## AIM OF THE TASK
Find the line below with "Tony Hawk Limited" and the line with "Short Sleeve Tee". Output exactly those lines and everything between them, leaving out the pictures.

## DATASET
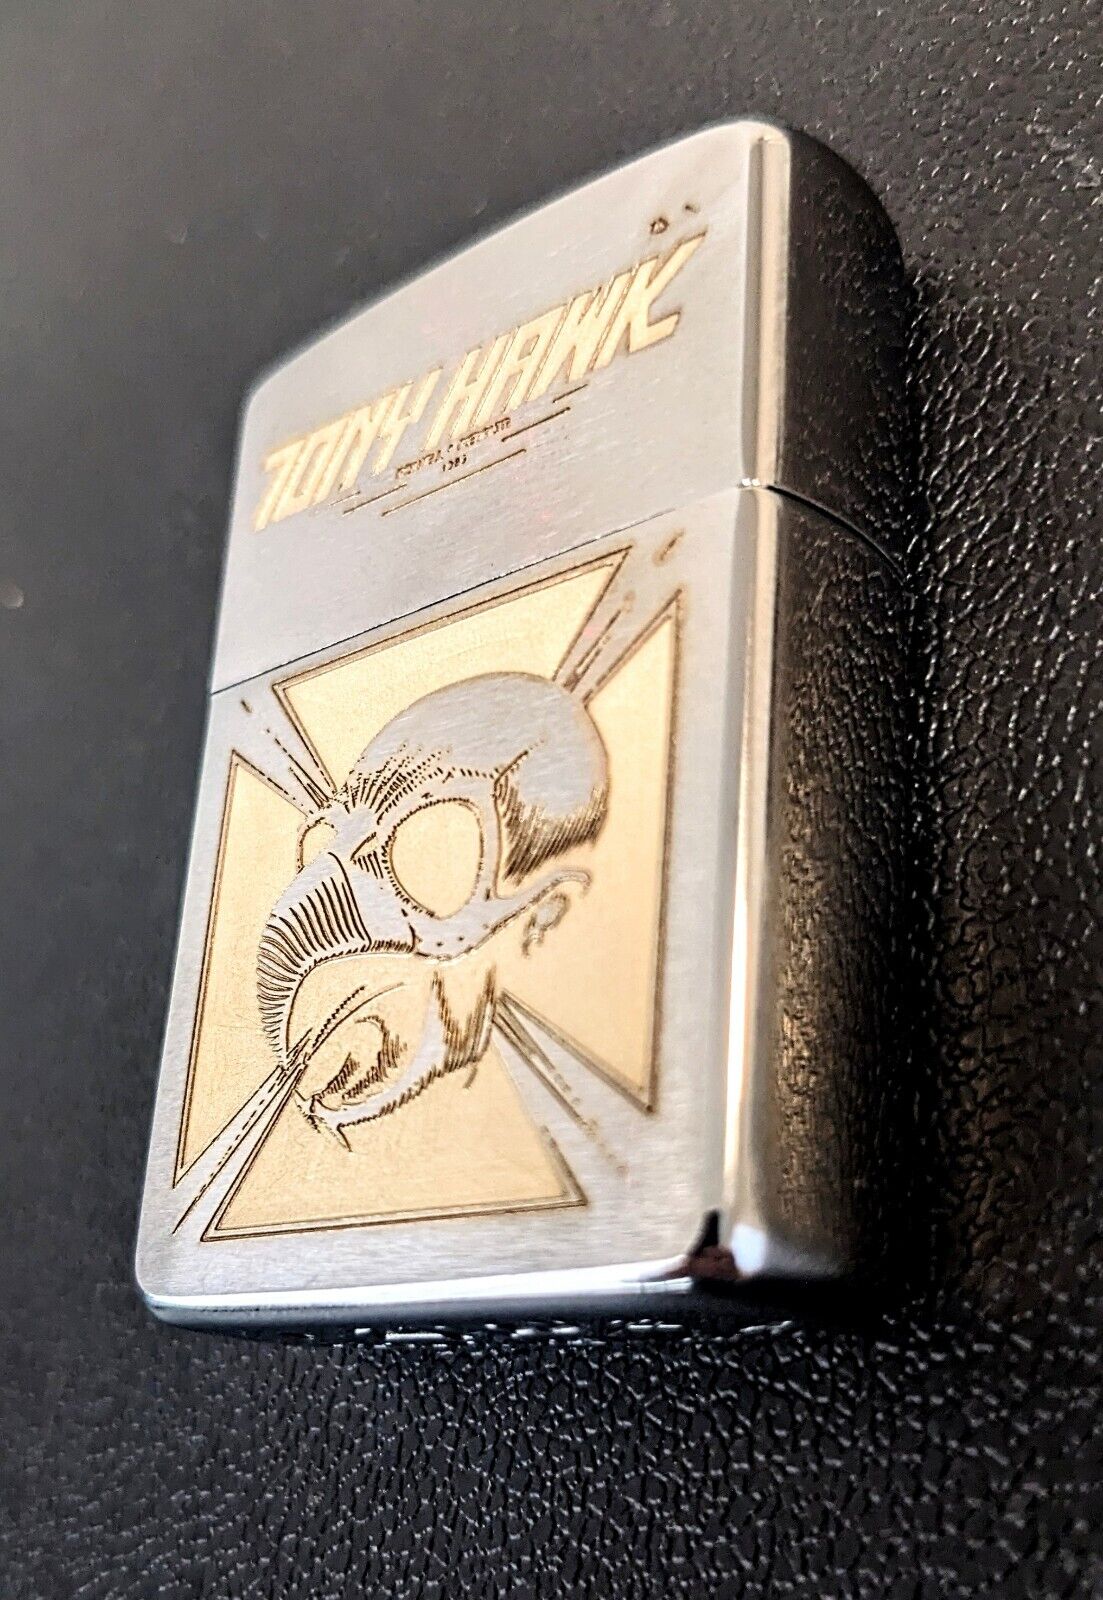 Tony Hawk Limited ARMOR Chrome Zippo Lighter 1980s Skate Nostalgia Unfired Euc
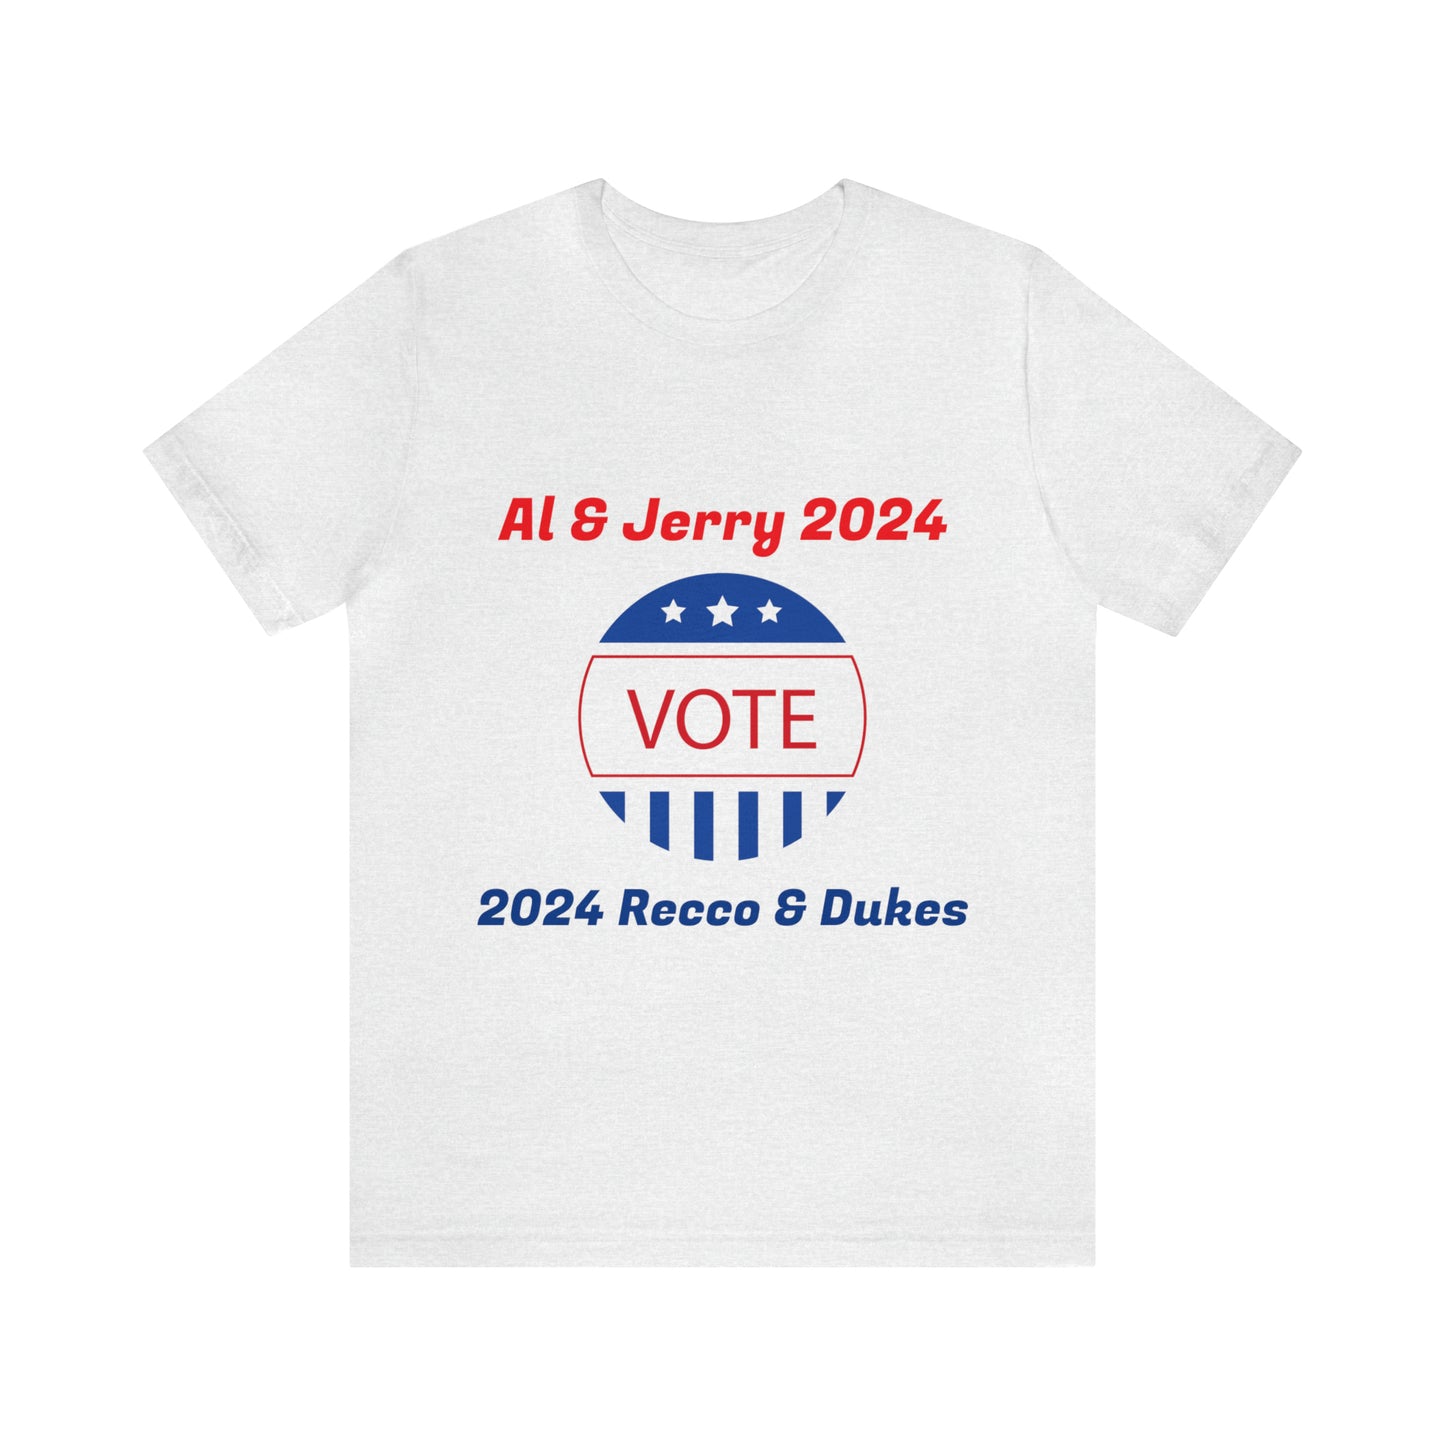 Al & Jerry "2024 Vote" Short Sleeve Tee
---
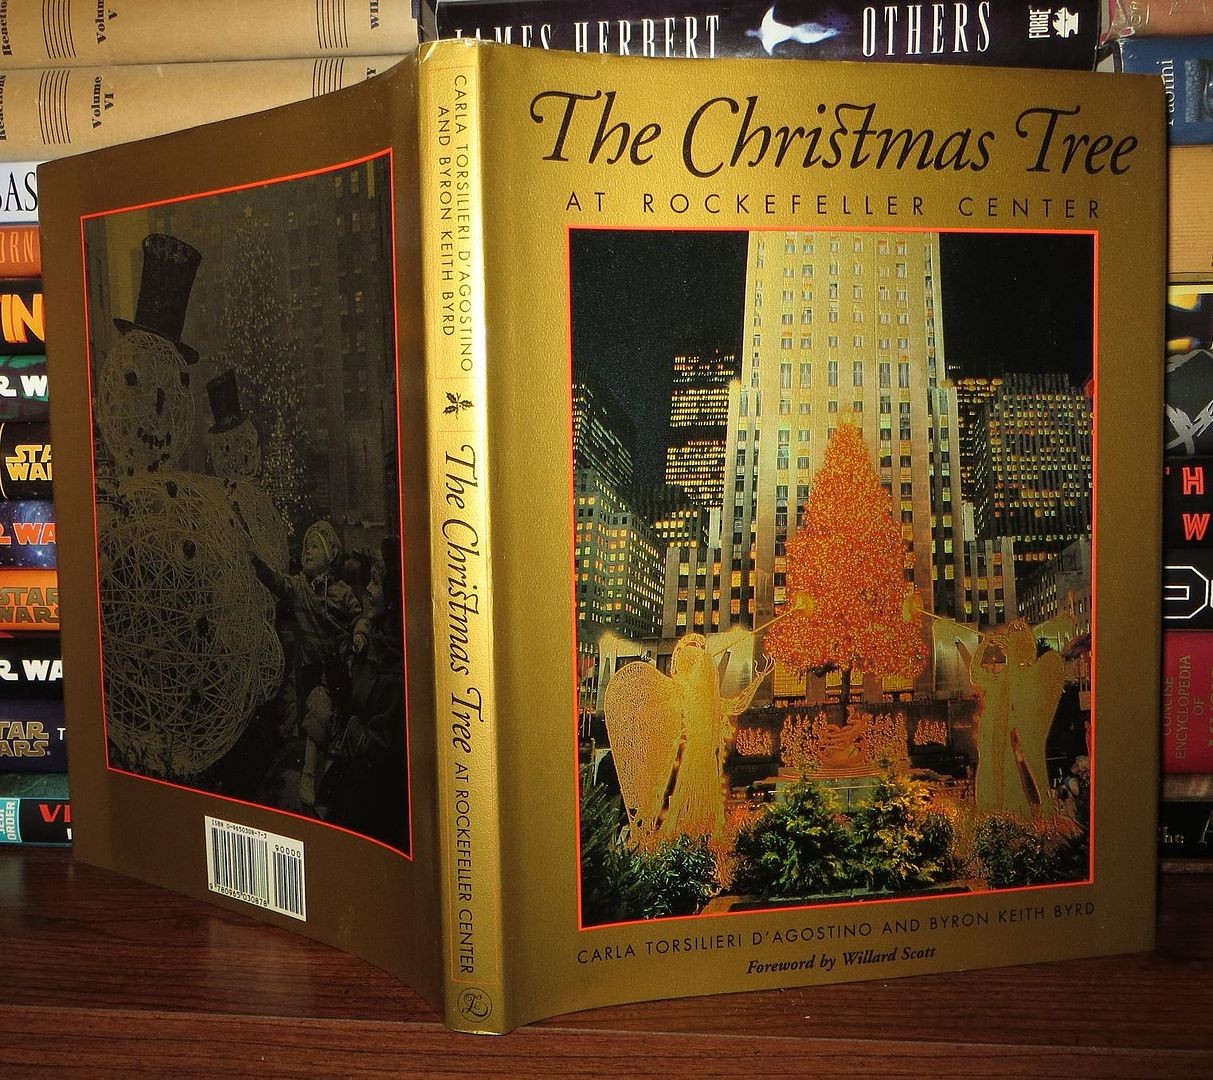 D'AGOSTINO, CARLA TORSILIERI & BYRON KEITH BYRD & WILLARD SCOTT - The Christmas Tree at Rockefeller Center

## REPLY TO THE TASK
 Tony Hawk Limited ARMOR Chrome Zippo Lighter 1980s Skate Nostalgia Unfired Euc
 Al & Jerry "2024 Vote" Short Sleeve Tee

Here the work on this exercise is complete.